More than half are adult victims with 38 percent forced into prostitution and an equal number forced into labor, according to statistics from agencies across the state compiled by the group. Raw data was not available to review.
Nationally, a report released today of suspected cases of trafficking from January 2008 through June 2010 shows that 82 percent involved sex trafficking.
The U.S. Department of Justice’s Bureau of Justice Statistics looked at 2,515 cases of suspected human trafficking during that time period.
About 30 percent of cases open for at least a year were confirmed to be some type of human trafficking. About 38 percent were found not to be human trafficking with the remainder still under investigation at the end of the study period.
North Carolina has stepped up efforts to battle human trafficking in recent years, adding more rapid-response teams to investigate possible cases and training for law enforcement officers on how to identify victims.

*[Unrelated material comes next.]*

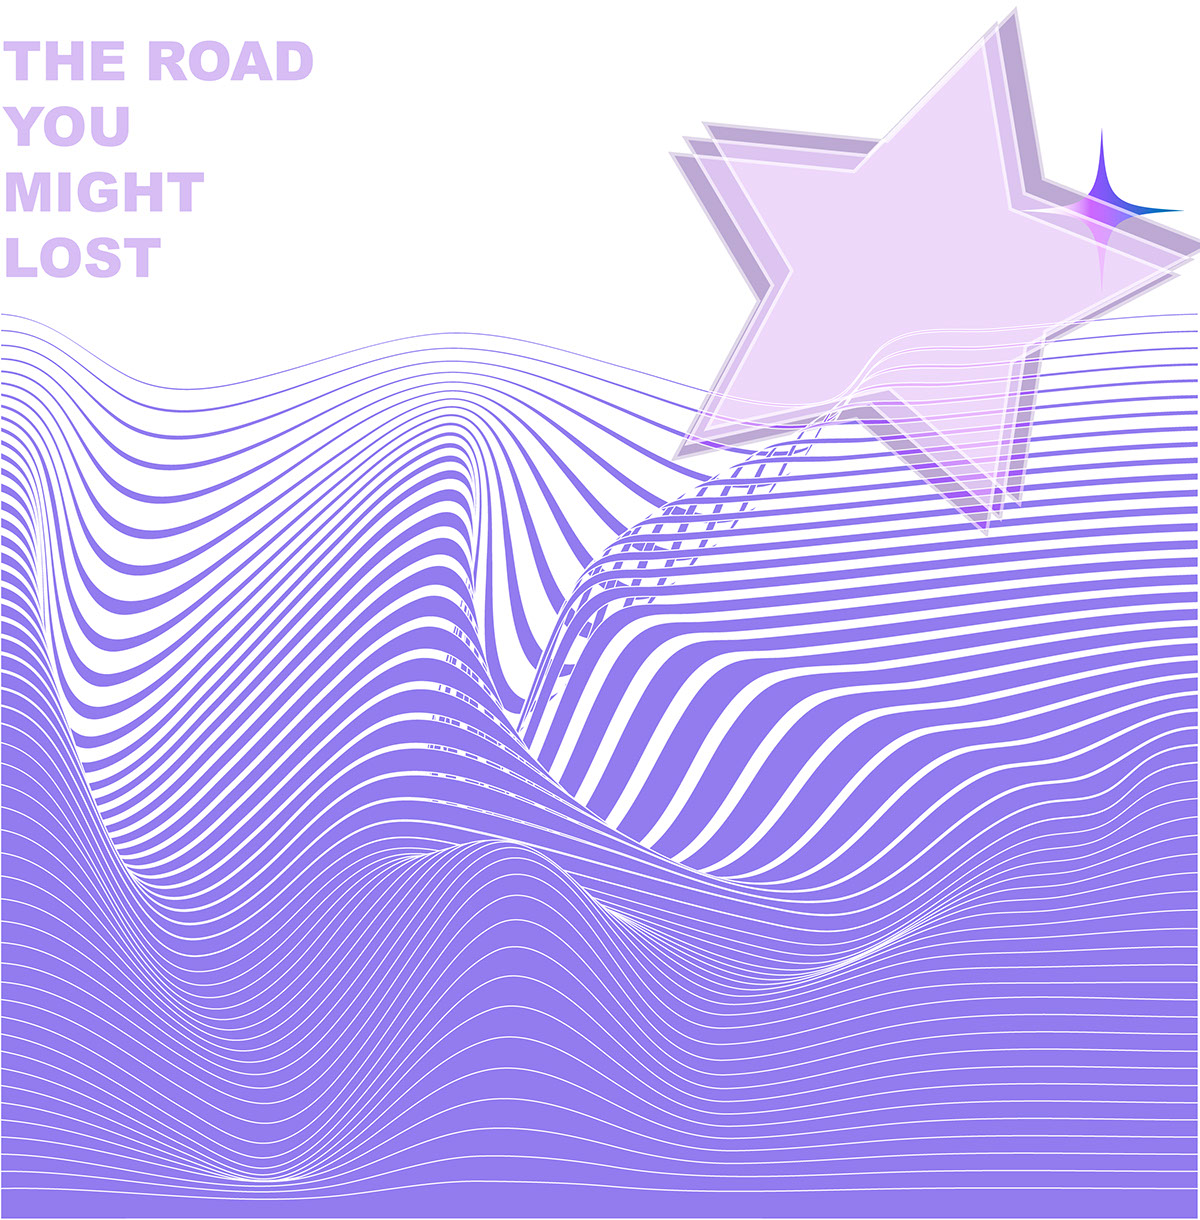 ENDLESS ROAD rendition image

“When you look at the numbers, it’s not that many,” said Danielle Mitchell, anti-human trafficking program coordinator for World Relief North Carolina. But based on what victims say, “there are hundreds of other people enslaved” who have not gotten help, she said.
World Relief, which used to handle a couple of cases a year but now sees a couple every month, only works with foreign-born victims, Mitchell said.
Both legal and undocumented immigrants, as well as U.S. citizens, can be victimized, she said.
The national report used data collected for the Human Trafficking Reporting System, which was designed to measure the performance of federally funded task forces.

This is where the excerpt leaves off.